Pythonic, typed wrappers for DuckDB relations and tables (Duck+).

Project description

Duck+ (duckplus)

Duck+ is a user-friendly companion to DuckDB for Python projects that want typed helpers, predictable joins, and safe table operations. It wraps DuckDB relations so you can compose analytics pipelines with readable Python while still generating explicit SQL under the hood.


What you get

  • Typed relational wrappersDuckRel keeps transformations immutable and chainable.
  • Safe table workflowsDuckTable owns inserts, appends, and idempotent ingestion strategies.
  • Explicit joins and casing rules – column names stay intact, projections are deliberate, and collisions fail loudly unless you opt in to suffixes.
  • Optional helpers – secrets management, a read-only CLI, and HTML previews stay in extras so the core package remains lightweight.

Install in seconds

Duck+ targets Python 3.12+ and DuckDB 1.3.0 or newer.

uv pip install duckplus

For development, clone the repository and run uv sync to create the managed environment with test and typing dependencies. Build the documentation locally with uv run sphinx-build -b html docs/source docs/_build/html, then open docs/_build/html/index.html in your browser to preview the site.


Quickstart

from duckplus import DuckRel, col, connect

with connect() as conn:
    rel = DuckRel(
        conn.raw.sql(
            """
            SELECT *
            FROM (VALUES
                (1, 'Alpha', 10),
                (2, 'Beta', 5),
                (3, 'Gamma', 8)
            ) AS t(id, name, score)
            """
        )
    )

    top_scores = (
        rel
        .filter(col("score") >= 8)
        .project({"id": col("id"), "name": col("name"), "score": col("score")})
        .order_by((col("score"), "desc"))
    )

    print(top_scores.materialize().require_table().to_pylist())

This snippet opens an in-memory DuckDB connection, builds a relation, filters rows with fluent column expressions, and materializes results safely.


Core workflows

Connect and manage context

from duckplus import connect

with connect(path="analytics.duckdb") as conn:
    rel = conn.relation("SELECT 42 AS answer")
    print(rel.to_df())

Connections default to in-memory databases.

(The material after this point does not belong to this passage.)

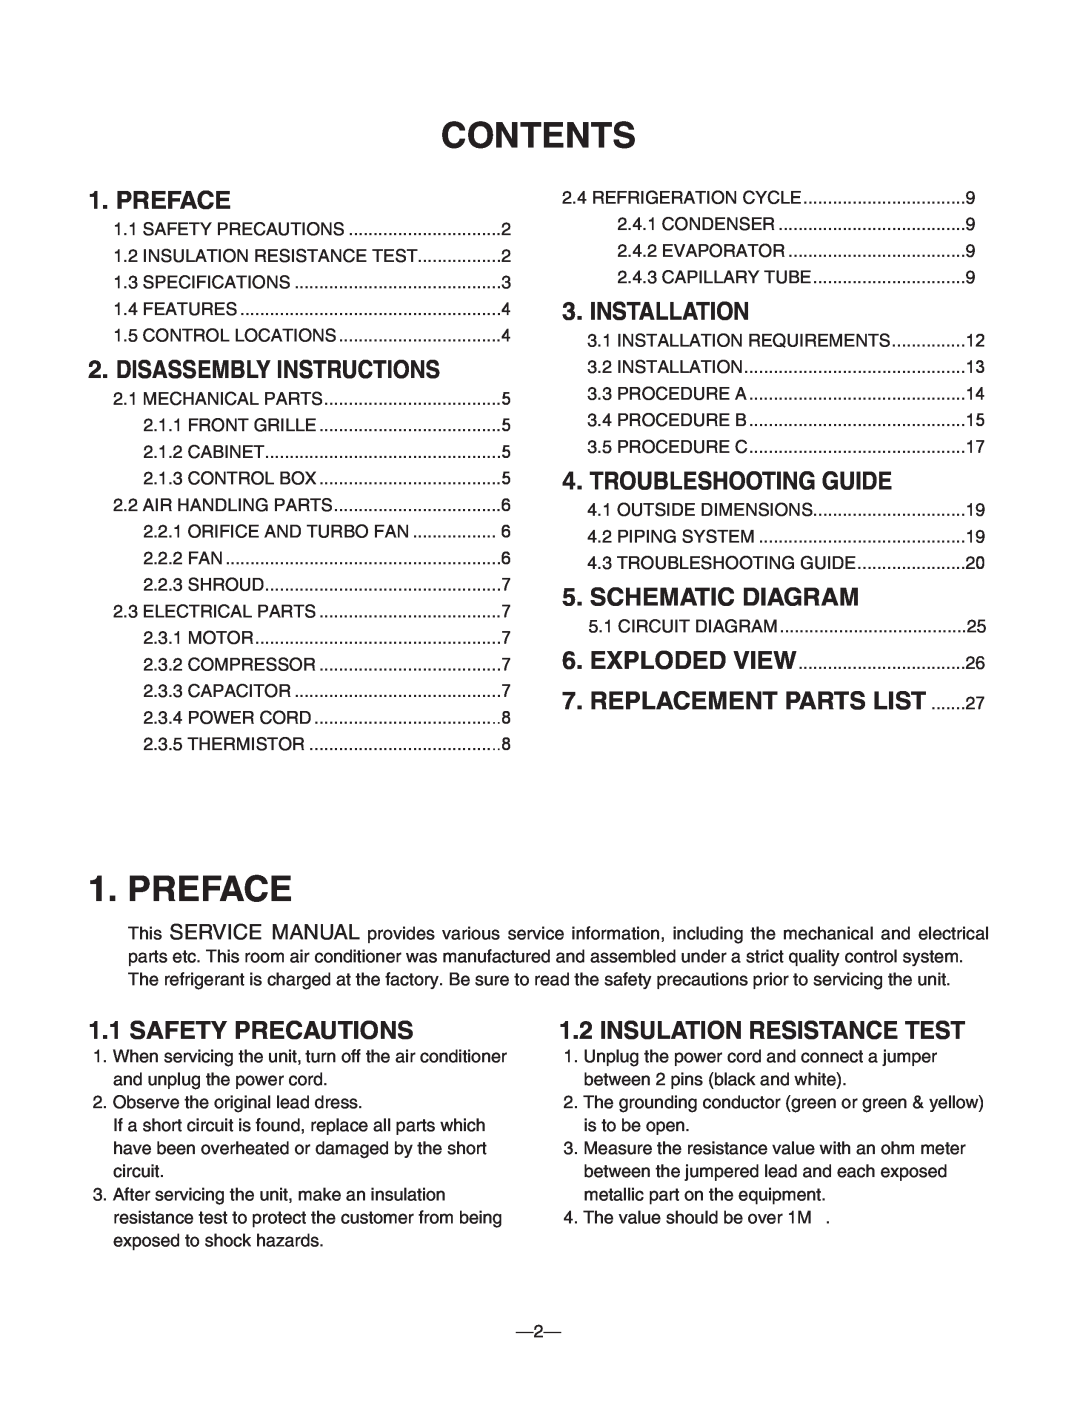 Heat Controller BG-103A service manual Contents, Preface, Disassembly Instructions, Installation, Troubleshooting Guide

Pass path for file-backed workloads; Duck+ keeps them read-only by default.

Transform relations with DuckRel

deduped = (
    rel
    .distinct()
    .project({"score": "AVG(score)"}, group_by=["name"])
    .order_by(score="desc")
)

DuckRel methods always return new relations and validate column names with case-aware lookups.

Compose with column expressions

The :func:duckplus.col helper returns a ColumnExpression that validates column references before rendering SQL. Provide an optional duck_type=duckplus.ducktypes.* marker to opt into static type hints and runtime validation for aggregates and ordering. Use the helper to build filters, projections, aggregates, and ordering clauses without hand-writing identifiers:

from duckplus import AggregateExpression, col, ducktypes

team = col("team", duck_type=ducktypes.Varchar)
score = col("score", duck_type=ducktypes.Integer)

ranked = (
    rel
    .filter(score > 0)
    .add_columns(double_score=score)
    .aggregate(
        team,
        total_score=AggregateExpression.sum(score),
        peak_score=AggregateExpression.max(score),
    )
    .order_by((col("total_score", duck_type=ducktypes.Integer), "desc"))
)

Typed column expressions propagate through the pipeline. A relation exposes column_type_markers so you can inspect the currently declared DuckDB logical types. Untyped expressions default to :class:duckplus.ducktypes.Unknown, letting you opt into validation incrementally:

typed = rel.project({"team": team, "score": score})
print([marker.describe() for marker in typed.column_type_markers])
# ['VARCHAR', 'INTEGER']

Declaring an incompatible type raises a helpful error before execution. For example, projecting col("score", duck_type=ducktypes.Varchar) on a numeric column fails fast with Projection column 'score' is typed as INTEGER but was declared as VARCHAR.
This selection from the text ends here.